NLP recipes that skip the theory homework
A collection of runnable notebooks for the text-processing tasks you actually need to do at work.

What it does This repo is a curated set of Jupyter notebooks and Python scripts covering bread-and-butter NLP tasks: TF-IDF keyword extraction, text classification with logistic regression, Word2Vec training with Gensim, preprocessing pipelines, and even a PySpark word-count for when your data stops fitting in RAM. Each entry links to a companion blog post by Kavita Ganesan.
The interesting bit The value isn’t novelty—it’s curation. The notebooks explicitly compare easily confused pairs (TFIDFTransformer vs. TFIDFVectorizer, HashingVectorizer vs. CountVectorizer, CBOW vs. SkipGram) that most tutorials gloss over. Think of it as a field guide to sklearn’s vectorizer zoo.
Key highlights
- Runnable notebooks with datasets included where noted (word2vec, tf-idf, text classification)

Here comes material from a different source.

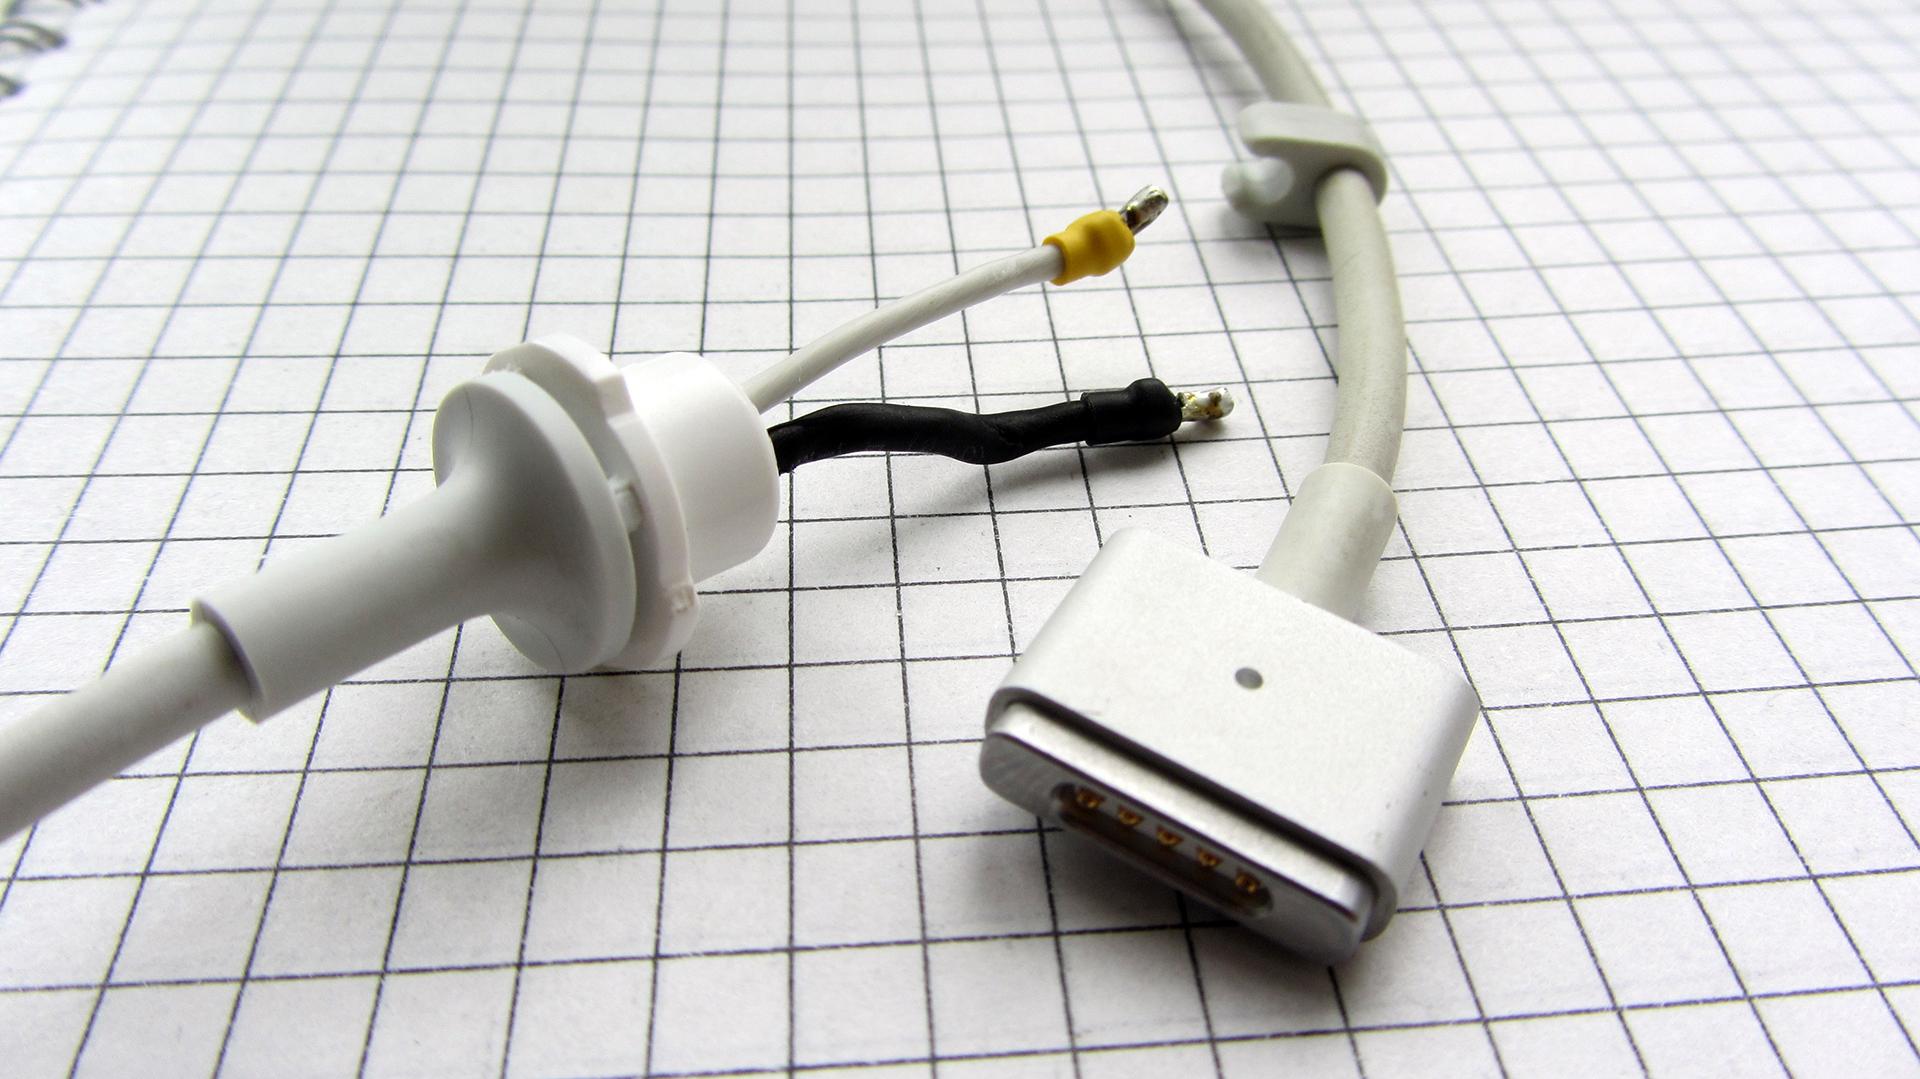 Кабель зарядки Макбук имеет всего два провода

- Pre-trained embedding loading via Gensim (GloVe and Word2Vec) with a text-similarity example
- PySpark phrase extraction and word count for larger-scale text
- Preprocessing snippets covering stemming, lemmatization, noise removal, and stop-word removal
- Each technique paired with an explanatory article, not just docstring regurgitation
Caveats
- Some entries are external repos (phrase-at-scale, word_cloud) rather than in-tree code
- The “more articles” and mailing-list links suggest this doubles as content marketing; the code appears genuine, but the funnel is visible
Verdict Worth bookmarking if you’re the “just show me a working example” type, especially for sklearn vectorizer gotchas. Skip it if you need deep learning (transformers, etc.) or production-grade pipelines—this is strictly classical NLP territory.